Three unicorns (companies with a valuation of $1 billion or higher) come from within or close to the city (AutoTrader, Moneysupermarket.com and The Hut Group) and some of the most successful tech IPOs of recent years are also from the city region: Moneysupermarket.com, AO.com, Boohoo.com.
Figures released last month from the Office for National Statistics also help explain the massive buzz around the city’s tech community: nearly 2,000 business were set up in just 12 months in the city – an increase of 10 percent and well ahead of the average startup rate around the rest of the country (4.3 percent). A good many of them are likely to be in the tech sector.
Direct employment in tech in Manchester is now at 52,000, making it the second city for tech industry after London. If you add in people working in the wider digital industry that figure is closer to 85,000.
You make me want to shout
Martin Bryant, is a tech journalist, who used to travel the world as editor at large of The Next Web and thought that people needed to shout a lot more about the tech sector in the North.
Several years ago he was frustrated by the difficulty in finding a tech scene in Manchester, his adopted home town. “Manchester is the birthplace of the modern computer. Its television studios and music scene have had a huge impact on the country. It also has great computer science courses at the universities here, but people weren’t sticking around.”
Bryant gave a TEDx talk four years ago where he bemoaned the fact that there wasn’t a cohesive startup scene. “People were working in startups, but they were isolated and not sharing their experiences. Also there wasn’t much seed-stage investment from knowledgeable angel investors,” he says.
Maturing
This year Bryant made the leap from tech journalism to working as Tech North’s Community Editor. Since he gave his talk, things have changed dramatically for Manchester which, he argues, is maturing as a tech community.

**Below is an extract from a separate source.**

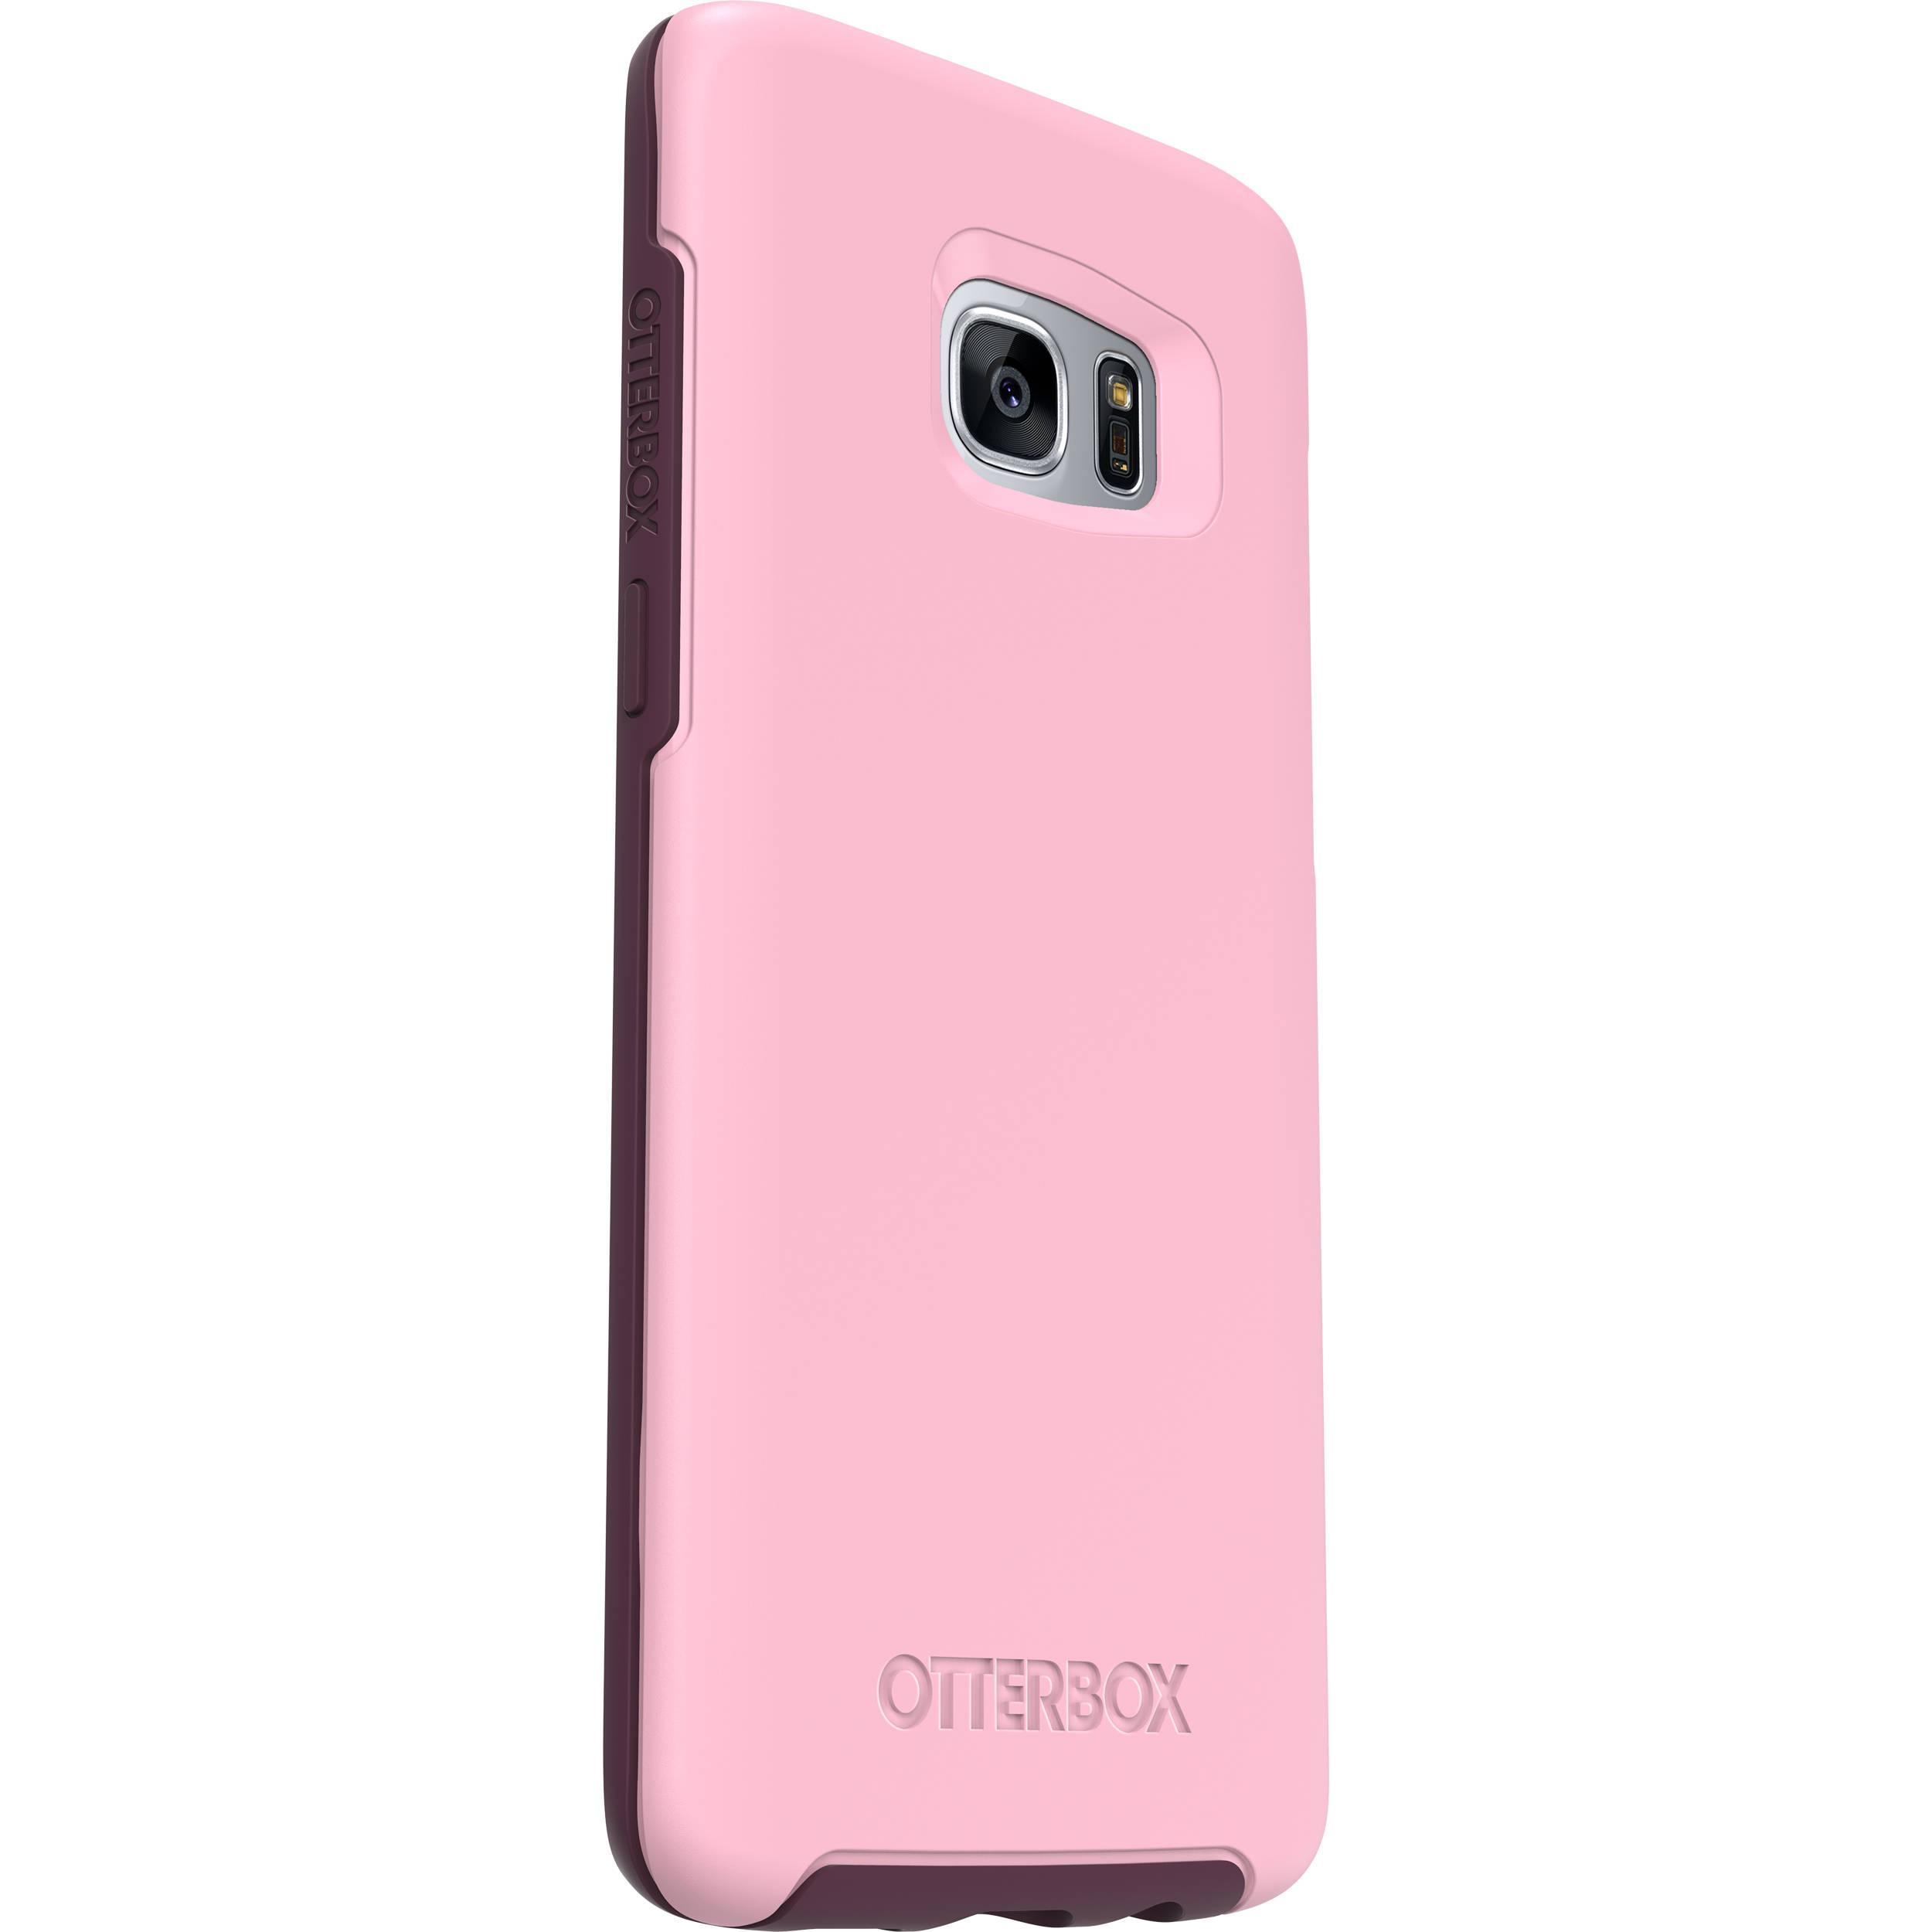 sports shoes b9855 bd1ac OtterBox Symmetry Series Case for Galaxy S7 edge (Rose (Light Pink/Dark  Purple))

The ecosystem sprouted organically but as with Tech City in London, it is now receiving nurturing attention from Government. Tech North has been set up to encourage tech businesses in the Northern cities of Manchester, Newcastle, Sheffield, Liverpool and Leeds.
Richard Gregory runs that organisation from Manchester. The building blocks are in place in Manchester, he says, particularly in terms of shared co-working spaces for entrepreneurs and support groups, like Manchester Digital. North-East based accelerator, Ignite, set up in the city this year.

For many reasons, founders are beginning to realise that Manchester can be a great place to scale up a business, Gregory says.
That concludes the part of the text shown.